If this option is disabled, the local database account is applied a random 16 character hashed password upon first login, and will lose access to this account upon loss of LDAP connectivity.

This option must be true or false and is only applicable
to the `DatabaseUserProvider`.

### Column

The column option allows you to change the database column that contains the users password.

Change this if your database column is different than `password` and you have enabled the above sync option.

## Login Fallback

The login fallback option allows you to login as a local database user using the default Eloquent authentication
driver if LDAP authentication fails. This option is handy in environments where:

- You may have some directory users and other users registering through
  the website itself (user does not exist in your LDAP directory).
- Your LDAP server goes down and may be unavailable

> **Note**: If you would like users to be able to login if your LDAP server is unavailable, you must
> also enable the above [Password Sync](#sync) option.

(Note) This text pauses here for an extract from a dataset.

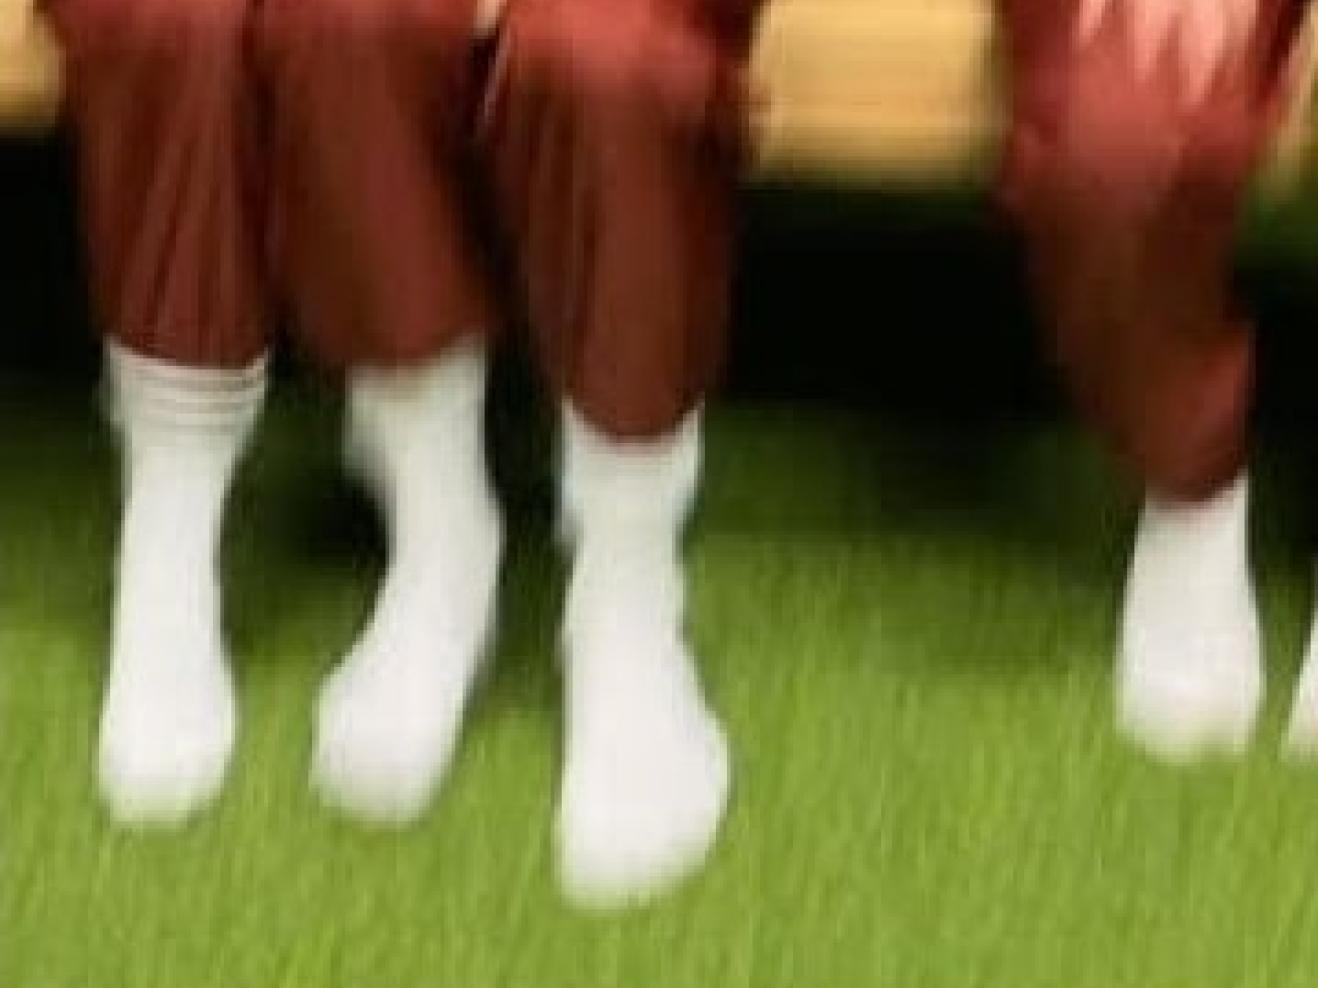 Unscharfer Blick auf drei Personen, die auf einer Holzbank sitzen und von denen nur die Beine und Füsse zu sehen sind und die rote Hosen und weisse Socken tragen.

Otherwise, users will fail authentication
> because their password has not been synchronized, and therefore will be incorrect.
>
> Users must have logged in once prior to your LDAP server going down, as their account will not yet exist in the database.

To enable it, simply set the option to true in your `config/ldap_auth.php` configuration file:

```php
'login_fallback' => env('LDAP_LOGIN_FALLBACK', true), // Set to true.
```

## Synchronizing

Inside your `config/ldap_auth.php` file there is a configuration option named `sync_attributes`. This
is an array of attributes where the key is the eloquent `User` model attribute, and the
value is the active directory users attribute:

```php
'sync_attributes' => [
    'email' => 'userprincipalname',
    'name' => 'cn',
],
```

By default, the `User` models `email` and `name` attributes are synchronized to
the LDAP users `userprincipalname` and `cn` attributes.

This means, upon login, the users `email` and `name` attribute on Laravel `User` Model will be set to the
LDAP users `userprincipalname` and common name (`cn`) attribute, **then saved**.

Feel free to add more attributes here, however be sure that your `users` database table contains
the key you've entered, otherwise you will receive a SQL exception upon authentication, due
to the column not existing on your users database table.

### Attribute Handlers

If you're looking to synchronize an attribute from an Adldap2 model that contains an array or an
object, or sync attributes yourself, you can use an attribute handler class
to sync your model attributes manually. For example:

> **Note**: The class must contain a `handle()` method. Otherwise you will receive an exception.

> **Tip**: Attribute handlers are constructed using the `app()` helper. This means you can type-hint any application
> dependencies you may need in the handlers constructor.

```php
'sync_attributes' => [
    
    App\Handlers\LdapAttributeHandler::class,

],
```

The `LdapAttributeHandler`:

```php
namespace App\Handlers;

use App\User as EloquentUser;
use Adldap\Models\User as LdapUser;

class LdapAttributeHandler
{
    /**
     * Synchronizes ldap attributes to the specified model.
     *
     * @param LdapUser     $ldapUser
     * @param EloquentUser $eloquentUser
     *
     * @return void
     */
    public function handle(LdapUser $ldapUser, EloquentUser $eloquentUser)
    {
        $eloquentUser->name = $ldapUser->getCommonName();
    }
}
```

## Logging

The `logging` array contains a list of the events to be logged when certain [events](auth/events.md) occur using Adldap2-Laravel.

Each element in the array consists of the key (the occurring event) and the value (the listener that performs the logging of said event).

You can remove any or all of these if you'd prefer nothing to be logged for the event. No passwords are logged with any of the events.